La Fédération royale du notariat belge (FEDNOT) est d'avis que, si le professionnel  émet une conclusion négative, il a bel et bien émis une déclaration sur le rapport d’échange. Ainsi, la légalité externe et la légalité interne sont toutes deux satisfaites. La loi ne précise pas que l'assemblée générale est ensuite liée par ses conclusions. Les actionnaires doivent alors décider en toute connaissance de cause s'ils souhaitent poursuivre l’opération. Le professionnel  ayant évalué l’opération, l'obligation légale de déclaration a été respectée dans ce cas.

A contrario, une déclaration d'abstention indique, selon l’interprétation de FEDNOT,  que le professionnel  n'a pas pu réaliser son audit. Comme il n'y a pas eu d'évaluation du caractère raisonnable et pertinent du rapport  d’échange, les exigences de base du rapport du professionnel n'ont pas été respectées. Un rapport a été formellement établi, mais il ne contient pas les éléments qu'il devrait au moins contenir pour satisfaire au prescrit légal, à savoir une conclusion sans réserve  ou une conclusion négative quant au caractère raisonnable et pertinent du rapport d'échange. Par conséquent, le notaire ne peut pas confirmer la légalité des actes juridiques et l'acte ne peut pas passer.

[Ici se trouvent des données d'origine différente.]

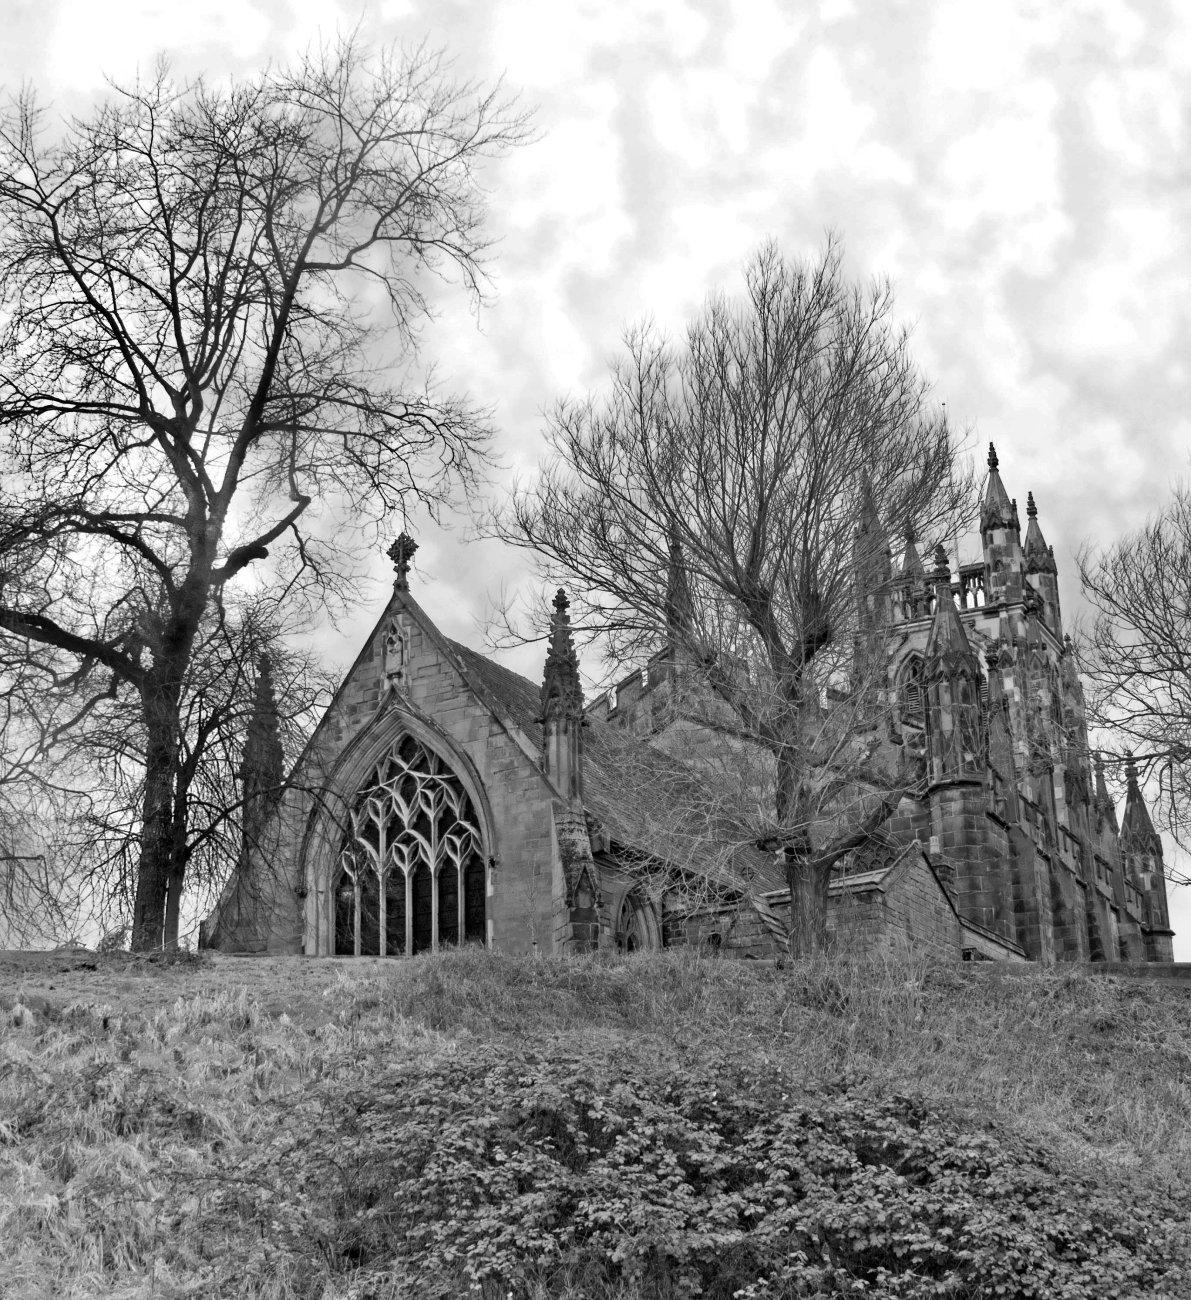 St. Mary's Church, Stockport.

Étant donné que dans de nombreux cas, l'abstention de conclusion sera due au fait que le professionnel  n'a pas obtenu les documents ou la coopération nécessaires pour se prononcer sur la question, FEDNOT est d'avis que le fait que l'acte ne puisse pas passer, peut contribuer à renforcer la position du professionnel  vis-à-vis de la société. Après tout, une conclusion négative n'empêche pas l'opération de fusion ou de scission d'avoir lieu, alors qu'une abstention l’empêche.

Le processus de réflexion du professionnel  pour parvenir à une conclusion négative ou à une abstention de conclusion est quelque peu différent. Une conclusion négative est formulée lorsque, sur la base des travaux effectués, l'impact sur le rapport d’échange est considéré comme ayant un caractère diffus. Dans le cas où le professionnel conclut qu'il ne dispose pas d'éléments probants suffisants pour mener à bien son travail ou que les incertitudes affectent une trop grande partie de ces informations, il n'a d'autre choix que de formuler une abstention de conclusion et de modifier la section de son rapport relative à ses responsabilités. Pour les deux types de conclusion, il indique les éléments qui ont conduit à l'ajustement de sa conclusion.

Compte tenu de ce qui précède et afin d'informer en temps utile les organes d’administration des sociétés concernées par une opération de fusion ou de scission qu'une abstention de conclusion est une déclaration qui ne passe pas « le test de légalité » du notaire, il est recommandé au professionnel d'inclure déjà cette information en tant que telle dans sa lettre de mission au début de la mission.